Most nights H goes to sleep in his toddler bed just fine, but takes naps (and sometimes sleeps at night) in the pack-n-play. Lately, he's been waking up every night at 2am wanting milk and to sleep with us, to which I gave in a couple of times because I was just too tired to deal with it.
Well, since we reap what we sow, I decided night before last that I did not want that Toddler in my Bed every night. While I love cuddling with him, a queen bed with two not-small adults and a sideways sleeping toddler is not conducive to a good night's sleep. Lack of sleep rapidly turns me into "Mean Mommy."
The first night of my resolve to change, he awoke crying, which led to screaming...first I brought him some milk (save it, I already know I'm not supposed to). I rocked him back to sleep and gently placed him back in his bed, at which point his eyeballs popped open and he started screaming "Go nigh' nigh'!" Which translates to "I want to go to sleep in your bed. He was clinging to me like a spider monkey and screaming. I told him that he had two options; He could sleep in his bed like a big boy, or sleep in the pack-n-play. He said no to both, so I chose for him. Once settled in his light mesh cage, he was still howling like a wild animal, which I'm sure our neighbors love.
I told him that he had two more options (life's all about choices, eh?) If he would stop crying, I would sit next to him until he fell asleep. If he kept crying, I would leave the room. Well, Old H just kept on yowling, so I left the room, and sat in the living room, going over in my head all the reasons that I'm a crappy parent as my son's pathetic mewling in the other room continued.

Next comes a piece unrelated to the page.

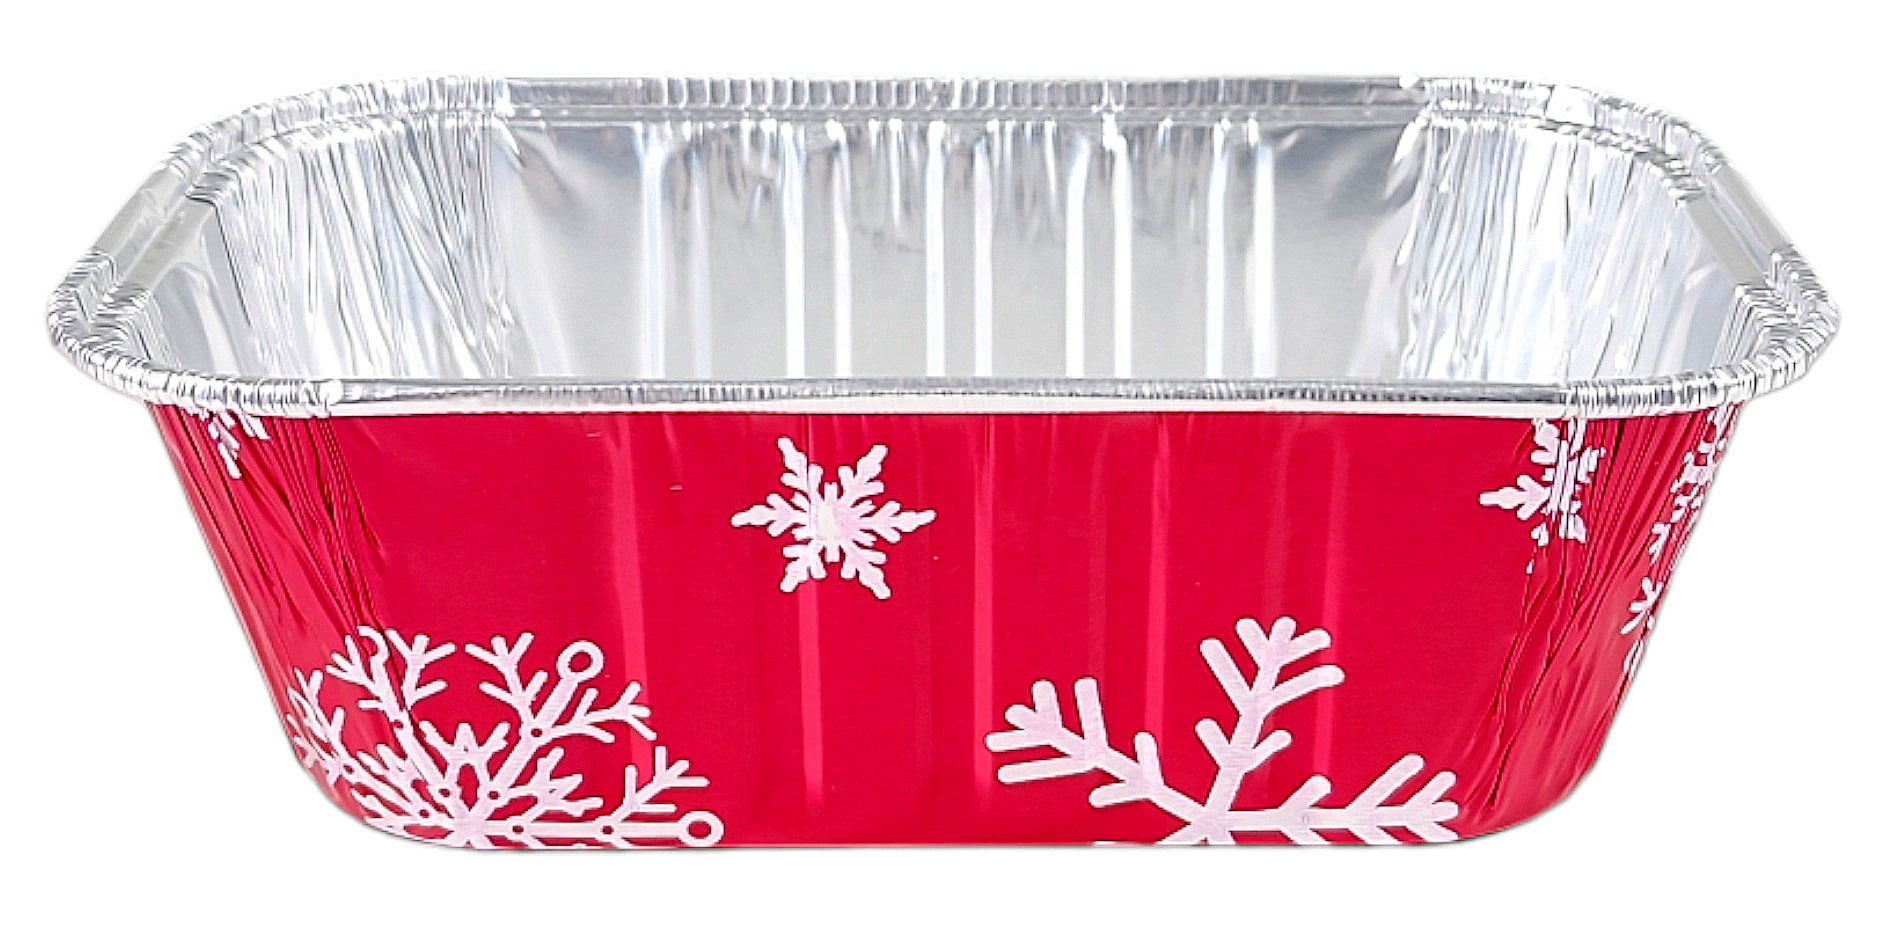 Pactogo 1 lb. Red Aluminum Foil Holiday Mini-Loaf Snowflake Pan w/Clear Low Dome Lid 200/CS

After about 4 hours in "crying time" (translated to 10 minutes on the living room clock) he finally settled down, and there was blissful silence coming from his bedroom. I walked to our bedroom, and opened the door, which creaked painfully, and H's hyper-alert "mom's in the vicinity" spidey-senses activated, which resulted in a renewed bout of crying.
I nudged my DH and asked how long we should let him cry, to which he replied "about 10-15 minutes." Ohhhhhhkay, that was about 40minutes ago...thanks. So, it was decided that he would go get H and bring him to our bed.
Great, now he thinks that his crying is rewarded with coming to our bed...I know Ferber, wrong choice. I know, in my logical brain, what the experts may say but at this point I need sleep more than a junkie needs their next fix, so my emotional, 2 am, brain wins out. Of course he slept soundly until the next morning, once he completely took over the bed, no wait, my side of the bed forcing me into a reverse c-shape...mmmm...comfy!
Fast forward to last night, H awoke just after midnight crying for milk. I did not give in, I did not give him soothing bovine sustainence. I held him on the couch until he fell back asleep and then put him back in his bed, where he slept until 6am today.
I acknowledge that I did get him out of his bed, but he did not get milk, and he slept in his own bed the rest of the night. I'll take the small victories. While I would not have had this race to run had I not made certain choices before, those decisions are made, and I am where I am. So, I've chosen to take the most apartment-neighbor-friendly route, while still having the end goal of a child that sleeps in their own bed the whole night.
For me, slow and steady will have to win this race.
1 comment:
I can so empathize! After too many nights bringing little j to bed forcing one of us (usually me) to move to her bed in order to get at least a few hours of sleep I'd had enough. Unfortunately that involved one of us sleeping with her in her twin bed until she fell back to sleep, but eventually it worked. Will there be a morning I wake up without dark circles under my eyes? Doubtful!